I don't know if this is still active, but I'm wondering something as I raise my Legbars. Back to the discussion of color. Reading the original description of the Cream Legbar (see http://www.ias.ac.in/jarch/jgenet/41/1.pdf) , I wonder if its like the Jaerhon where the "gold" is a darker variety and the "cream" is a lighter variety. It could be that we get wonky colors from the Rees lines because we are breeding for the dark variety in males and the light variety in females. Or maybe something like that. Just a thought.
 
I don't know if this is still active, but I'm wondering something as I raise my Legbars. Back to the discussion of color. Reading the original description of the Cream Legbar (see http://www.ias.ac.in/jarch/jgenet/41/1.pdf) , I wonder if its like the Jaerhon where the "gold" is a darker variety and the "cream" is a lighter variety. It could be that we get wonky colors from the Rees lines because we are breeding for the dark variety in males and the light variety in females. Or maybe something like that. Just a thought.

Possibly. There is definitely a dark and light barring that we're seeing. There are also varying shades of cream.
But most of the wonky things I've seen have happened when I crossed strains and the hidden recessives emerged.
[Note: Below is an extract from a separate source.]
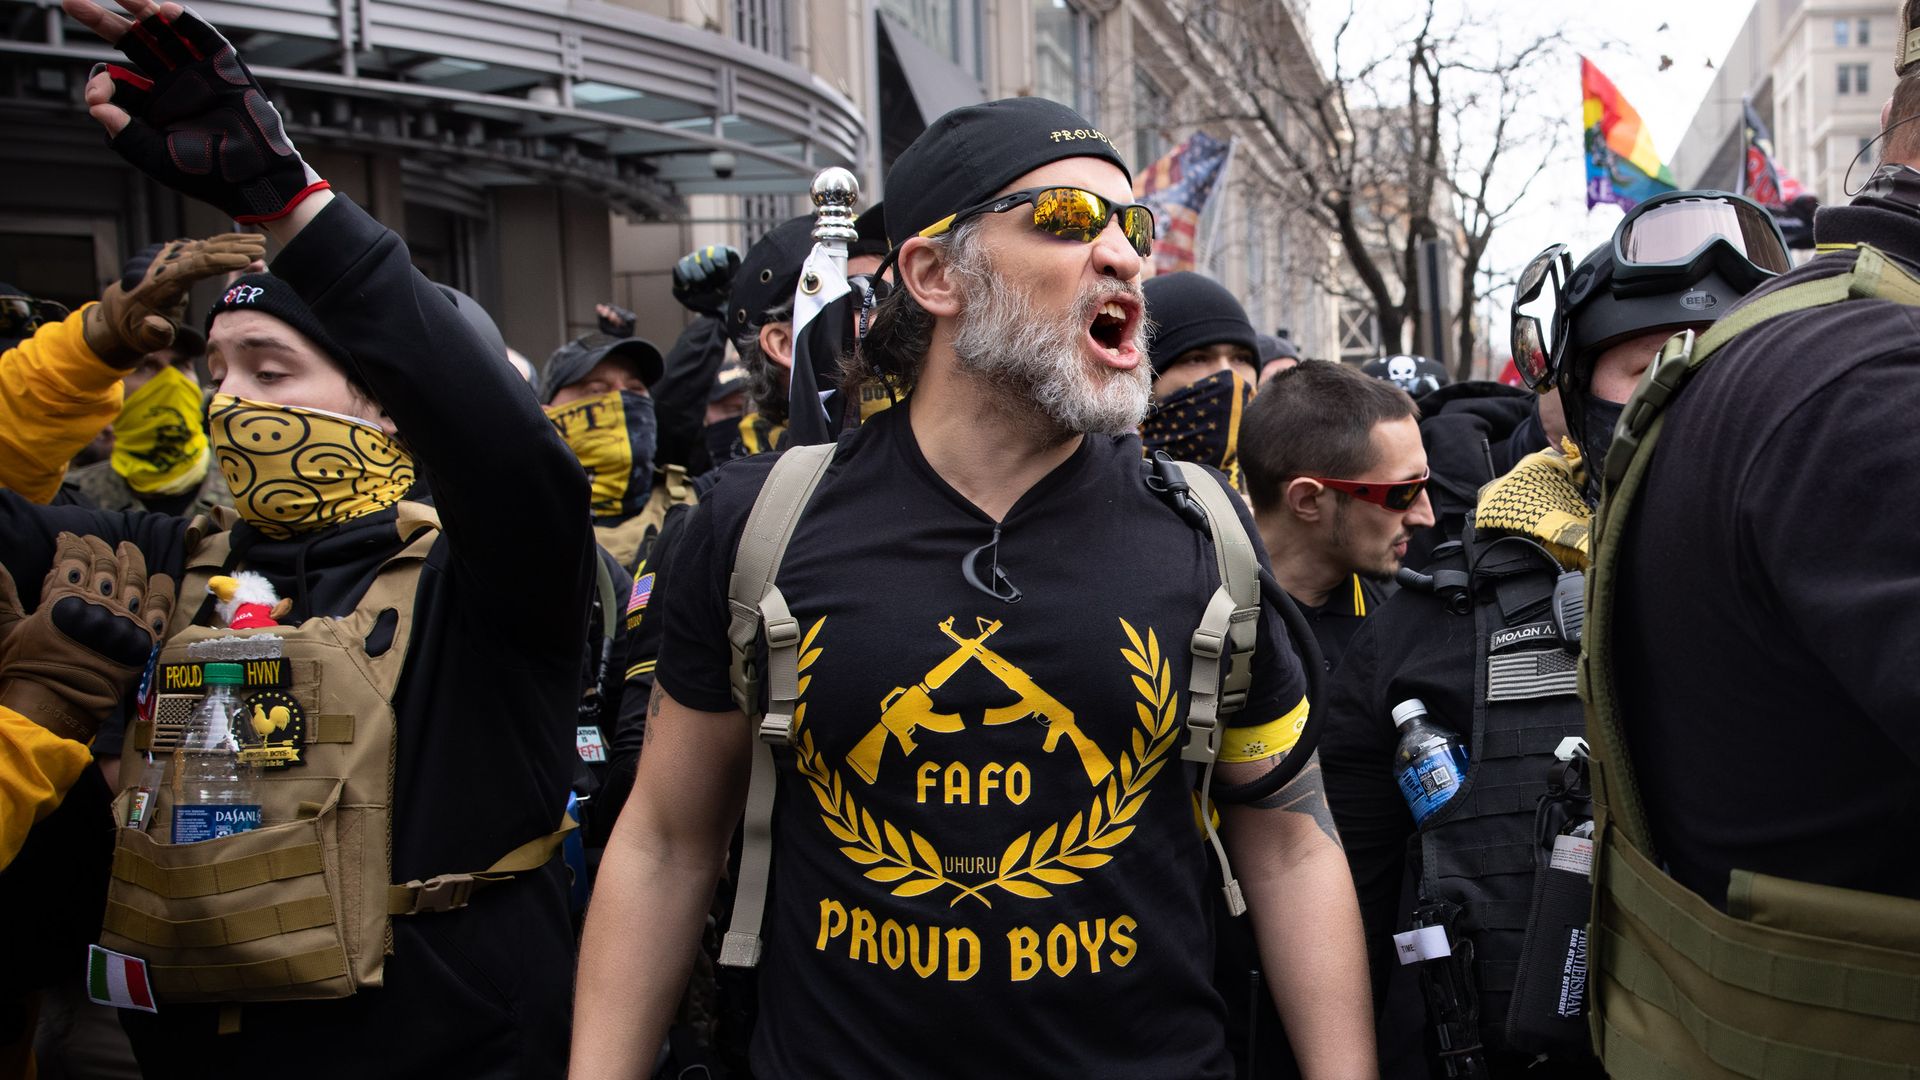 Proud Boys members rallying for Donald Trump in Washington, D.C., in December 2020.

There is something to be said for genetic diversity and the healthy birds it can produce, but left unchecked you can end up with all kinds of problems...I remember Curtis talking about it last year and warning members that letting the birds of unknown strains breed naturally in a flock, strongest rooster take all etc, was the quickest way to end up with hatchery quality birds. lots to ponder.